Category Image One Hundred Years of Solitude


**** One Hundred Years of Solitude  by Gabriel Garcia Marquez (Author) and Gregory Rabassa (Translator) - (paperback translation 2006, original Spanish version 1967).

I bought this book primarily because of the following editorial blip on the back cover by William Kennedy of the New York Times Book Review: "The first piece of literature since the Book of Genesis that should be required reading for the entire human race."  

The gist of the story, lifted from Amazon: "One Hundred Years of Solitude tells the story of the rise and fall, birth and death of the mythical town of Macondo through the history of the Buendía family. Inventive, amusing, magnetic, sad, and alive with unforgettable men and women -- brimming with truth, compassion, and a lyrical magic that strikes the soul -- this novel is a masterpiece in the art of fiction."

Wikipedia notes that "Critics often cite certain works by García Márquez, such as "A Very Old Man with Enormous Wings" and One Hundred Years of Solitude, as exemplary of magical realism, a style of writing in which the supernatural is presented as mundane, and the mundane as supernatural or extraordinary."

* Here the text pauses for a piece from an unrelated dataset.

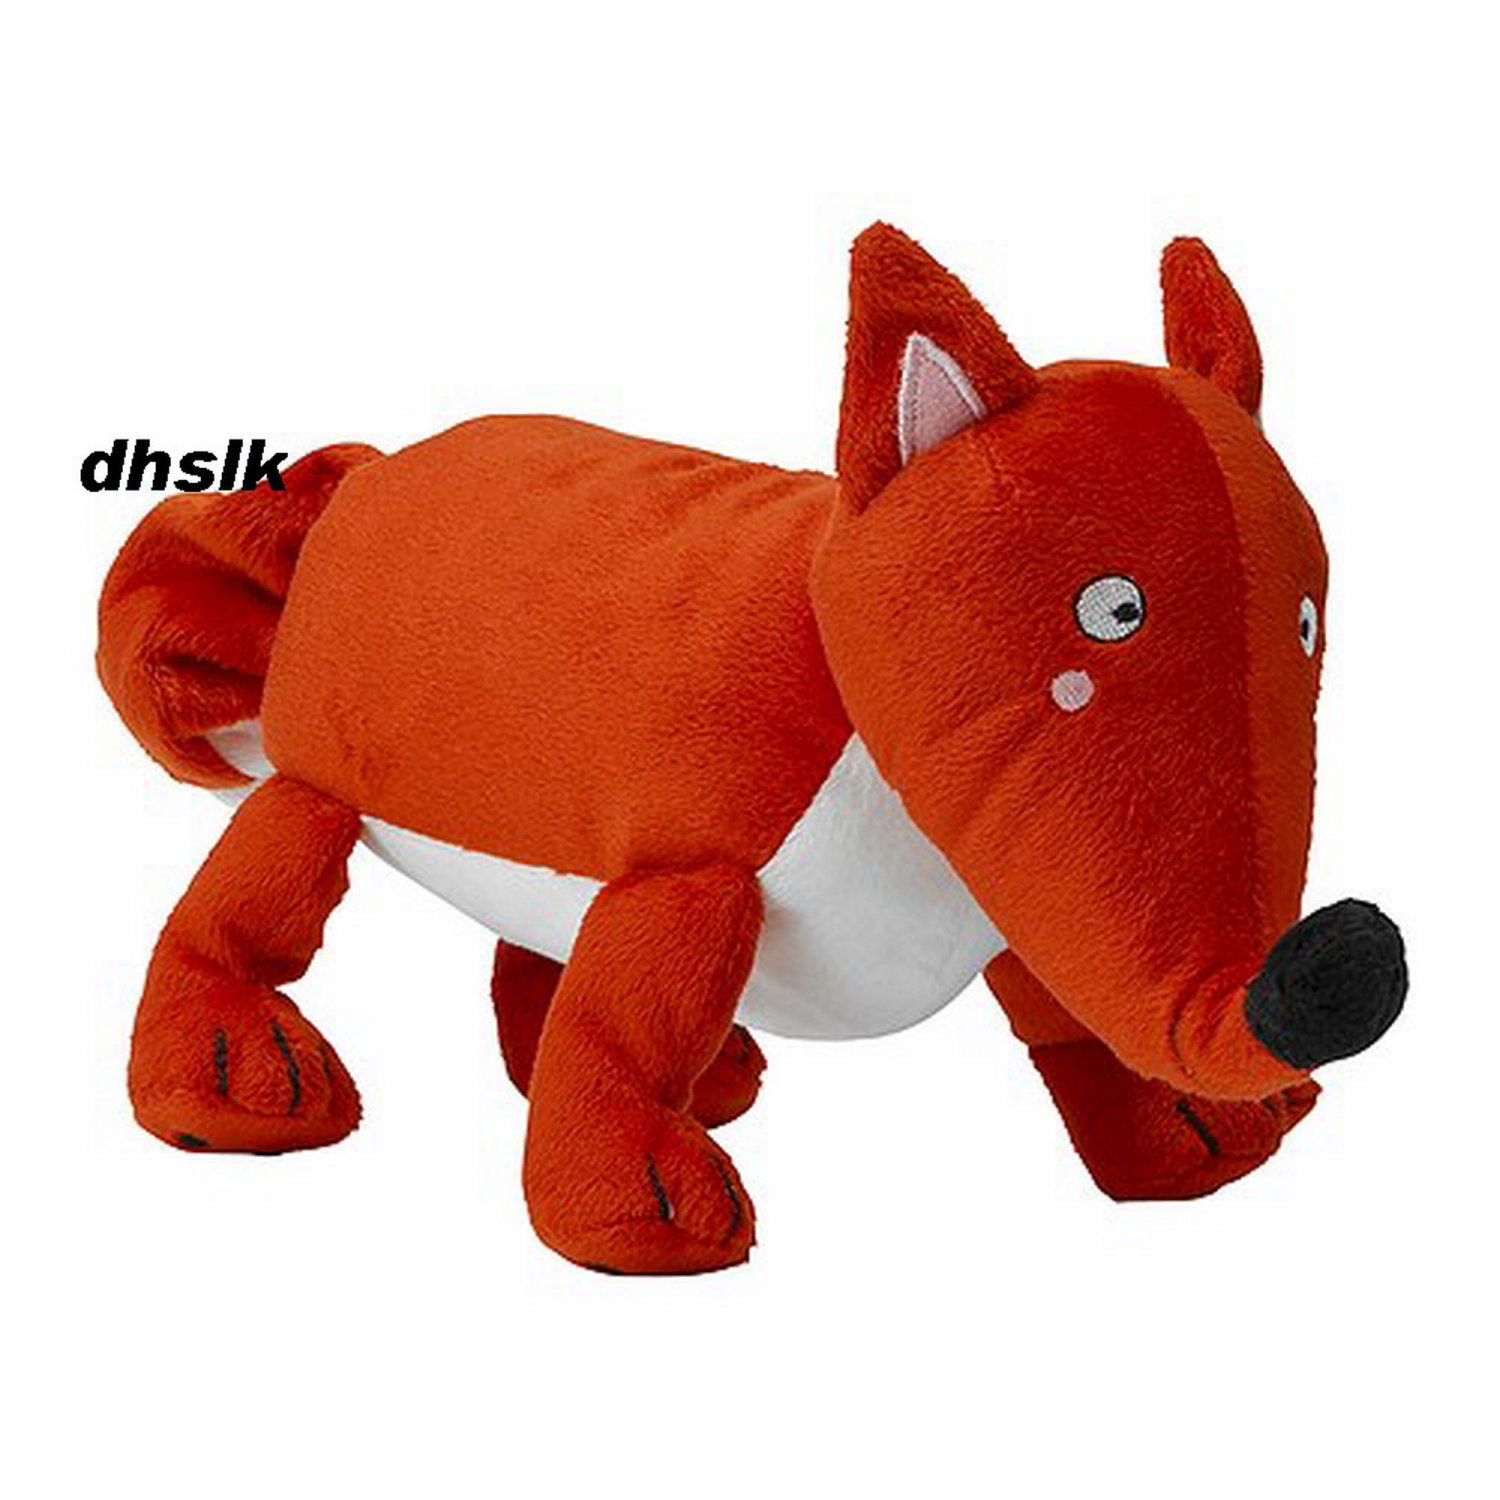 ikea fox toy

All that being said, this was one bizarre book with a royal family of the freakiest people ever.  A hundred years is a lot to keep track of, so unless you're a fast reader, read it when you can plow right through the whole thing (not as little tidbits to go to sleep by for a month or two, as most of my reading goes.)  Marquez masterfully plays with reality and humanity and truth and love and honor and religion and time and, did I say reality? 

I will say, however, that as confused as I was meandering through the story, it sucked me in so completely that I totally knew the ending before it came, and in a twisted way I enjoyed it every bit as much as I suspected I would.